将选好的贺礼包好之后,沈连溪应当与云晚一同回府。
可走到一半,她又担心沈轩如今的状况。
索性离云府已经不远。
云晚便把马车让给了沈连溪,自己下车走回府里。
可就是这短短的一段路,还是出了事端。
再路过一个小巷子里的时候,她听见了叫骂之声。
从破烂的围墙里看去,竟是一伙匪徒围着一个躺在地上的人喊打喊杀。
云晚微微蹙眉,跟在她身后的风影见到这副情形,便问道:“可要手下进去帮忙?”
对付这几个人,她应该还是没有什么问题。
哪知云晚却摇了摇头。
她心中自有主意。
云晚在路边拔了几株风华草,点燃了之后,又加了些路边的茅草进去。
顿时难闻的气味就飘向了屋子。
那些匪徒顿时被呛得四散而逃。
“王妃,你怎么会这些。”
风影还没从刚才的变故中反应过来,这样的事情,饶是她活了十多年,也闻所未闻。
云晚不以为意的拂了拂衣袖,“不过是些糊弄人的把戏罢了。

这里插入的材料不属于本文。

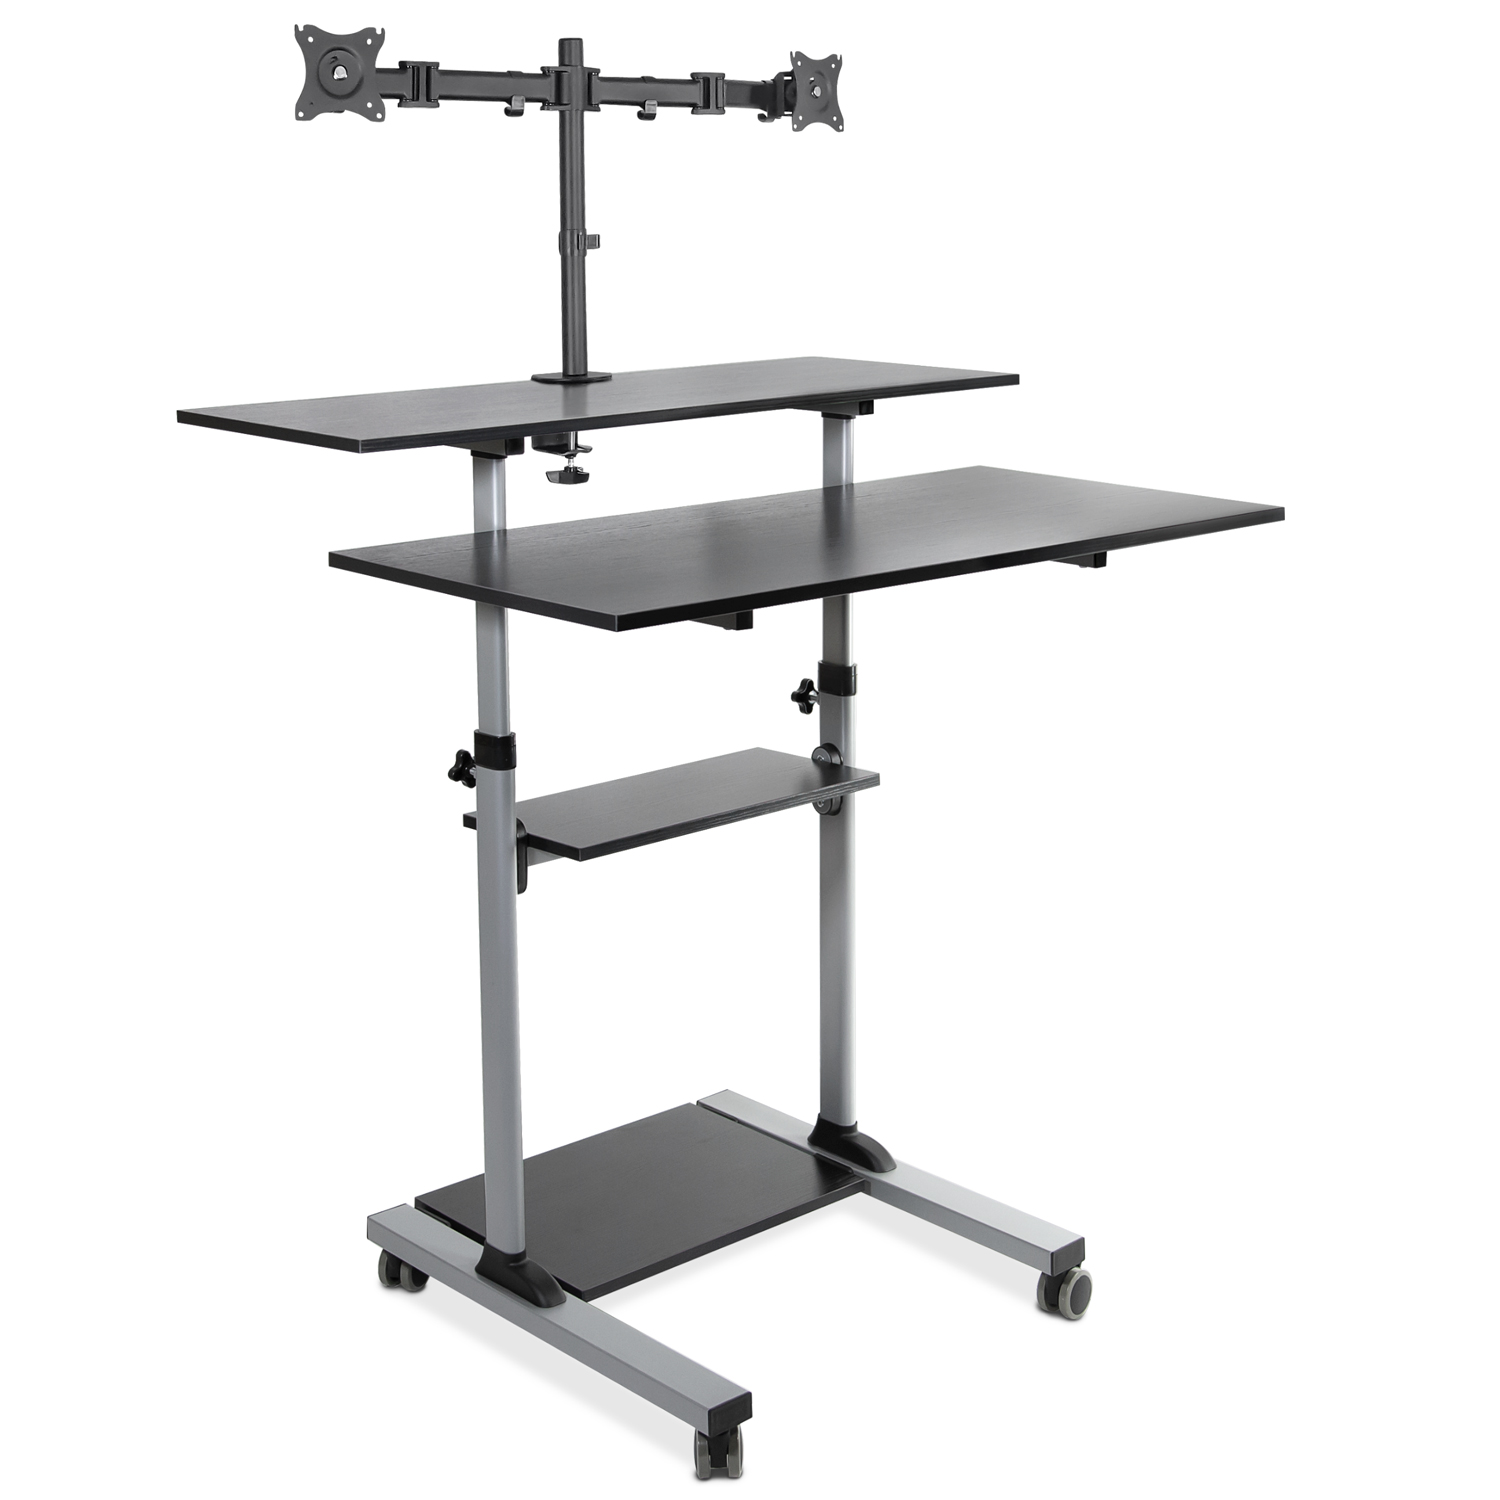 Large Height Adjustable Rolling Stand up Desk with Monitor Mount by Mount-It!

”
“你们是王府的人?”
躺在角落的男子微微侧过身子,挣扎着半坐起身,他方才将云晚所做的一切都看在了眼里。
他沉着声音问道:“是哪个王府?”
云晚转过身子,看着躺在草席上的男子。
“你又是何人?”
云晚让风影点燃了一支火把,借着火光打量着这个伤势颇重的男子。
男子眉眼修长,鼻梁坚挺,双唇紧抿成线,生的倒是十分俊美。
虽然他穿着的玄色长衫已经破破烂烂,但依旧难掩他身上的华贵之气。
双眸之中更是有着一丝难以察觉的锐利。
此人看着并不是什么寻常人。
见云晚不答反问,对方先是眸光一顿。
随后道:“若你们真是王府的人,应当识得云砚辞云丞相,里屋躺着的便是他的二弟。”
云晚闻言心口一紧,二哥竟在此处?
她顺着男子的目光看向那扇破烂不堪的门。
里面真的有躺着二哥吗?
来不及思考太多,她赶紧迈开步子走向那扇门。
刚要推开房门,一道清脆的声音便传了过来。
一个身材娇小的少女,浑身脏兮兮的抱着一个包裹走了进来,她面色紧张的盯着云晚,“这里是你们砸的?你们想干什么?”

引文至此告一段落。